Slashdot Mirror

← Back to Stories (view on slashdot.org)

Password Vulnerability In Firefox 2.0.0.5

Posted by CmdrTaco on from the waiting-for-the-patch-boys dept.

Paris The Pirate writes "According to a message posted over the weekend on the Full-Disclosure mailing list, the latest version of Firefox, 2.0.0.5, contains a password management vulnerability that can allow malicious Web sites to steal user passwords. If you have JavaScript enabled and allow Firefox to remember your passwords, you are at risk from this flaw."

10 of 176 comments (clear)

  1. Dupe? by InvisblePinkUnicorn · · Score: 5, Informative

    Three days ago: http://it.slashdot.org/article.pl?sid=07/07/20/125 2215

  2. Re:Is this OS independent? by Compholio · · Score: 5, Informative

    I haven't RTFA (after all, this is Slashdot), but are all OSes equally vulnerable?
    I can confirm that it works on Linux.
  3. NoScript by grub · · Score: 5, Informative

    NoScript
    Repeat ad nauseum.

    --
    Trolling is a art,
  4. Re:Is this OS independent? by Mr.+Sketch · · Score: 5, Informative

    From what I read, yes. It only exposes passwords for the site you're visiting. The most common case of this is on myspace, where visiting a malicious website will transfer your myspace username/password to the website owner. This vulnerability exists on sites that allow users to post custom html and javascript and will expose your username and password for that site.

    This does not expose all your passwords, so if you have you bank password stored, it's safe, unless your bank has pages that allow users to post custom html and javascript.

    --
    Things you think are in the Constitution, but are not.
  5. Re:Do not save passwords by dvice_null · · Score: 3, Informative

    Passwords are not in plain text, but readable with Firefox.

    You can set master password to truely encrypt them. But if you let people to access your harddrive, you can install keyloggers to steal the master password also. Or any password, no matter do you save it or not.

  6. FUD by jrumney · · Score: 4, Informative

    Firefox's password file has never been in plain text, although if you don't specify a master password, the decryption key is stored in the same directory, so the encryption will only stop casual opportunists.

  7. Is it Firefox specific? by 140Mandak262Jamuna · · Score: 3, Informative
    From what I understand, the user visits a site and the browser dishes out the remembered username password to that site. Whenever that site requests the username and password, the browser would do so. If the site allows anyvisitor to post javascript code and it incorporates such posted code as part of its own page, then the user too can use javascript to request the username/password and use javascript to phone home.

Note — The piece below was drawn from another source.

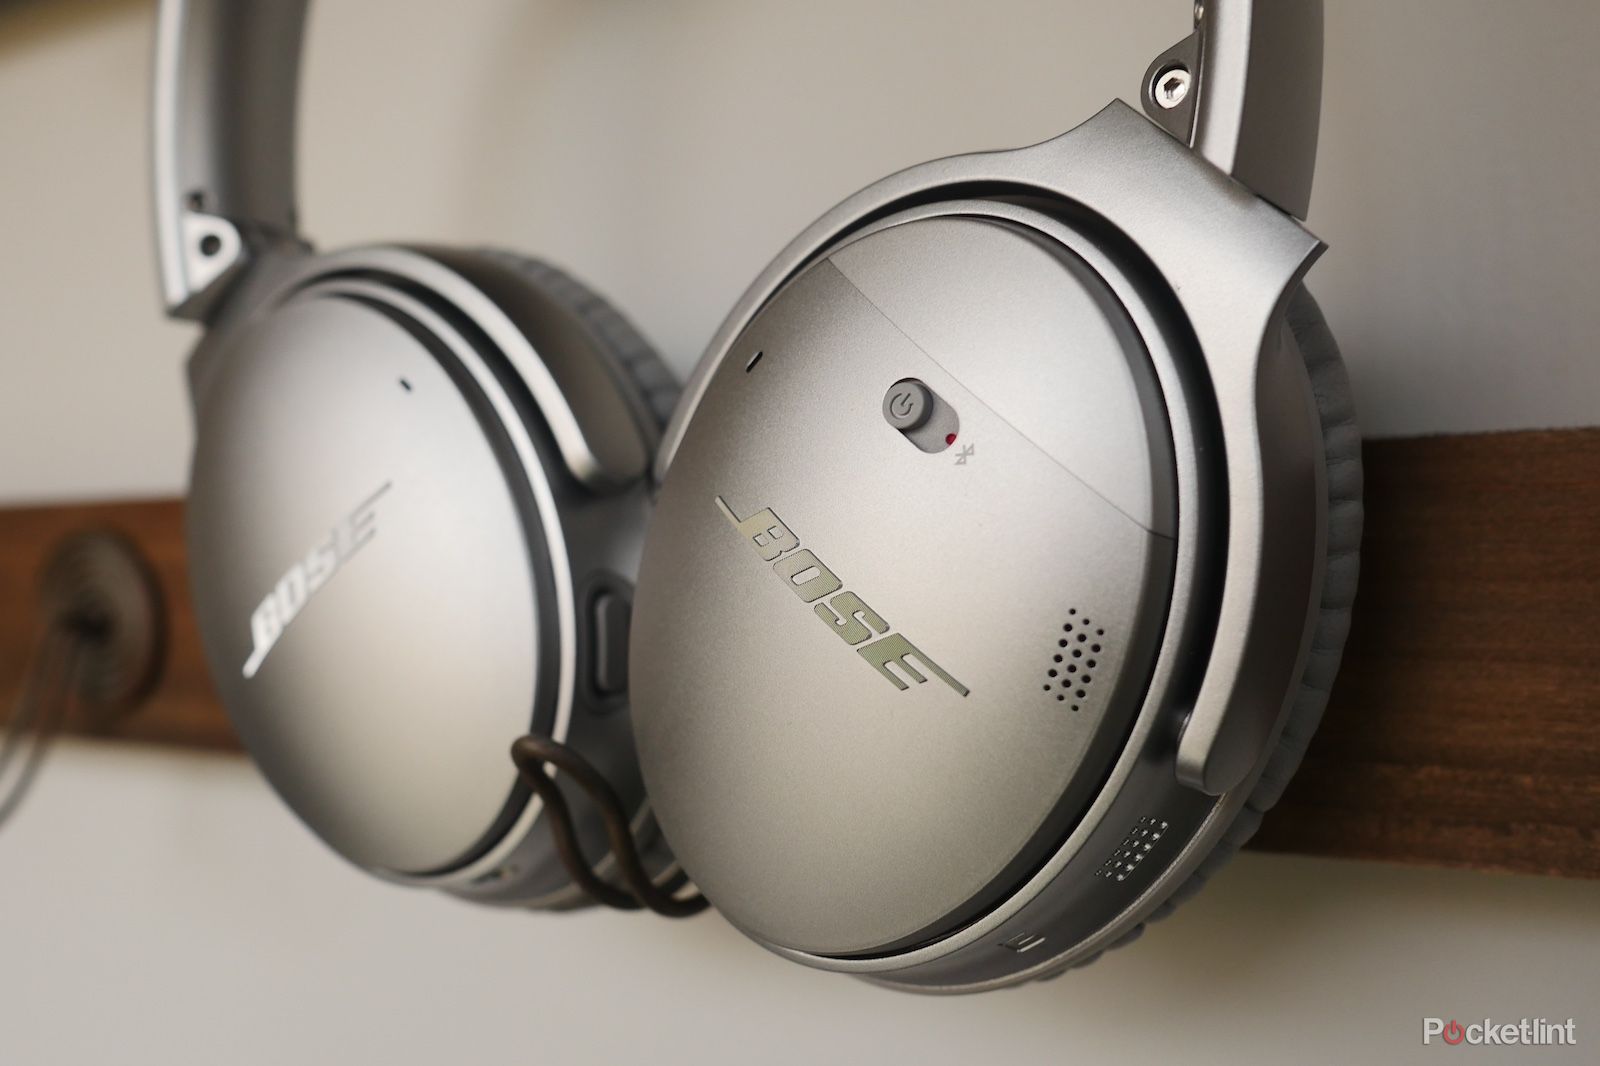 Get free Bose QC35 II headphones with Huawei P20 pre-orders image 1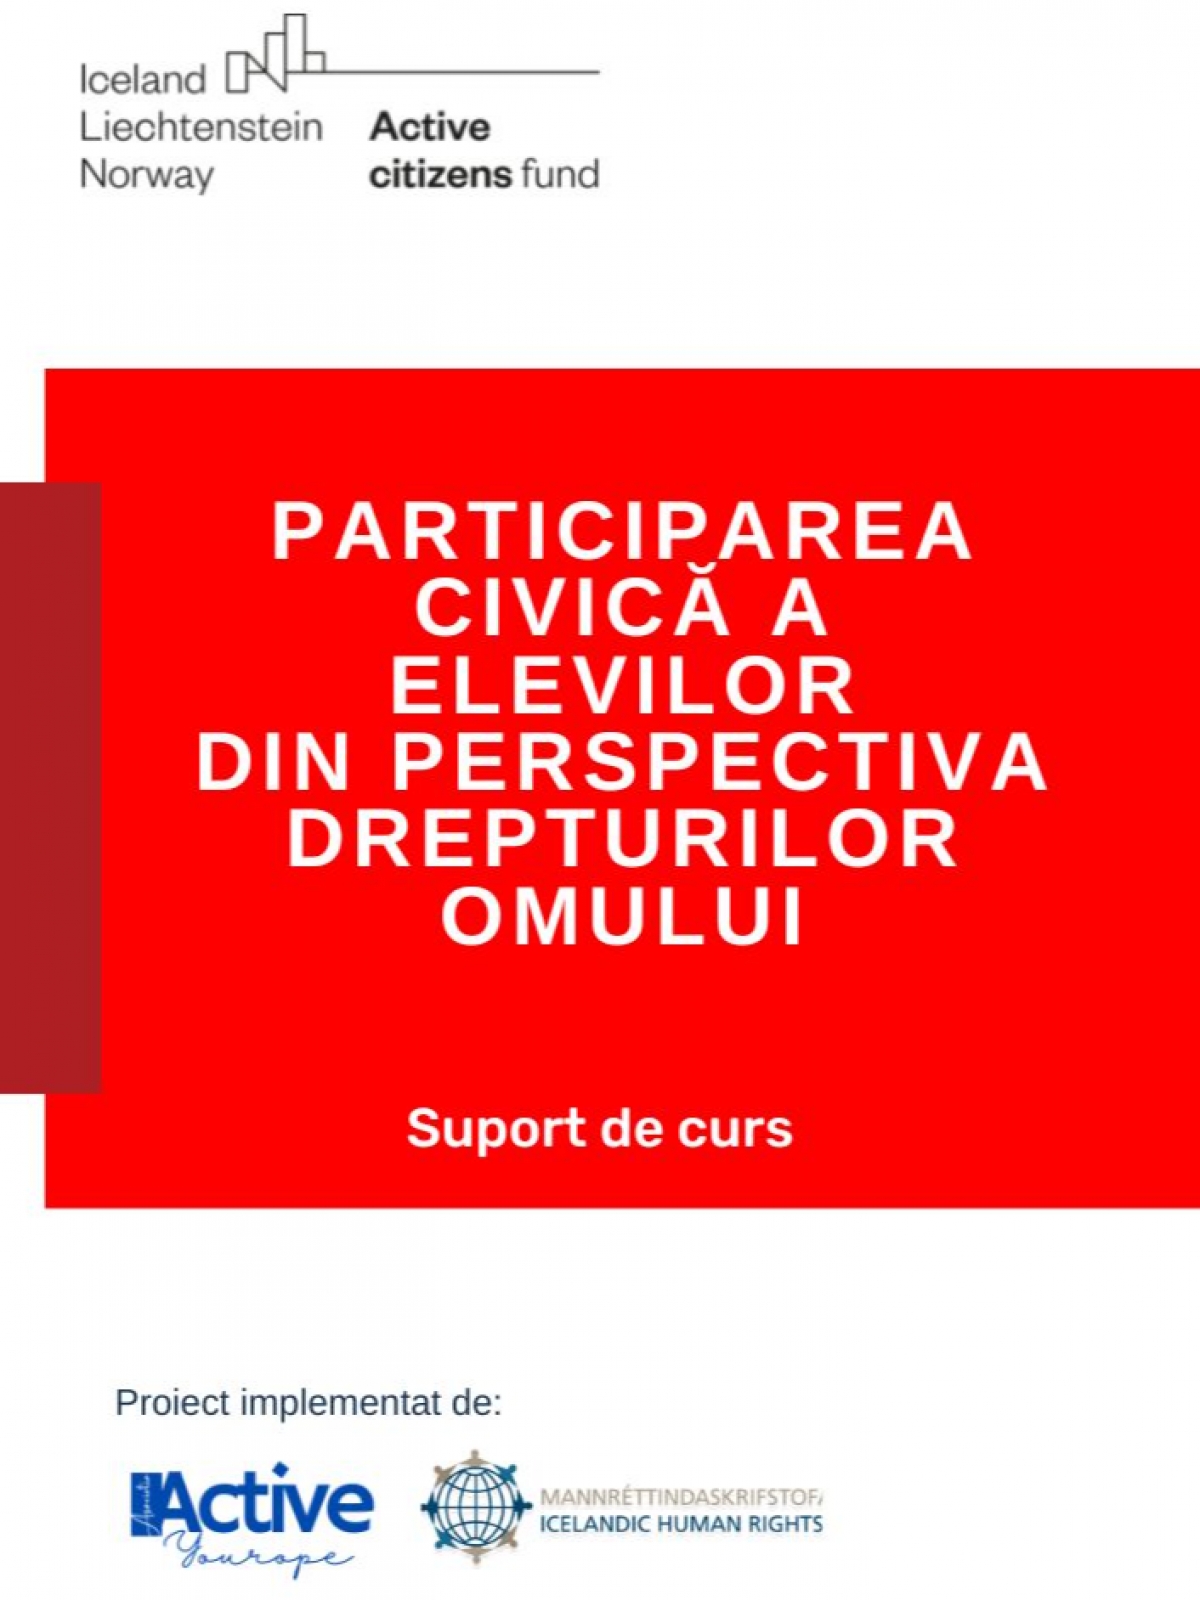 Participarea civica a elevilor din perspectiva drepturilor omului

    Now why any of it is Firefox specific? Any browser/ browser-helper-object /password help toolbar would do the same. If you have only one user name for a site, firefox will pre-fill the field. And the javascript can read it without a get or post. I would guess this behaviour of prefilling when the username is unique is probably a Firefox thing.

    Generally sites that allow users to post javascript code would be dangerous and should not be visited. But I would not know a priori these sites.

    --
    sed -e 's/Chuck Norris/Rajnikant/g' joke > fact
  8. Re:Do not save passwords by strobert · · Score: 4, Informative

    In addition if you run with Noscript and Secure Login it really helps protect you. The former can let you disable javascript (and java/flash too) by default and only enable for sites you trust. The later makes it so that for remembered passwords firefox does not fill in the form. Instead it highlights the fields it would fill in and you have to hit the secure login button to post the form data. Makes it so that you know when you saved passwords are being used and bypasses the input flow so that keyloggers can't even record the data.

    I would also recommend installing "Master Password Timeout" which will re-prompt you periodically for the password.

  9. Re:Is this OS independent? by snowgirl · · Score: 4, Informative

    Actually you're safe if you use a master password with your password manager.


    Well this story kind of points out why obviously, this statement isn't necessarily true.
    --
    WARNING! This girl exceeds the MAXIMUM SAFE standards established by the FDA for BRATTINESS
  10. Oh really? by jgoemat · · Score: 3, Informative
    How are you safe?
    1. Open browser
    2. Click on MySpace bookmark
    3. Enter master password to login to myspace
    4. Visit joebob's page, which has javascript to steal your password
    5. pwn3d
    If you're on the site with the vulnerability, you probably already entered your master password to login, and you only have to do that once per session to use all of your passwords.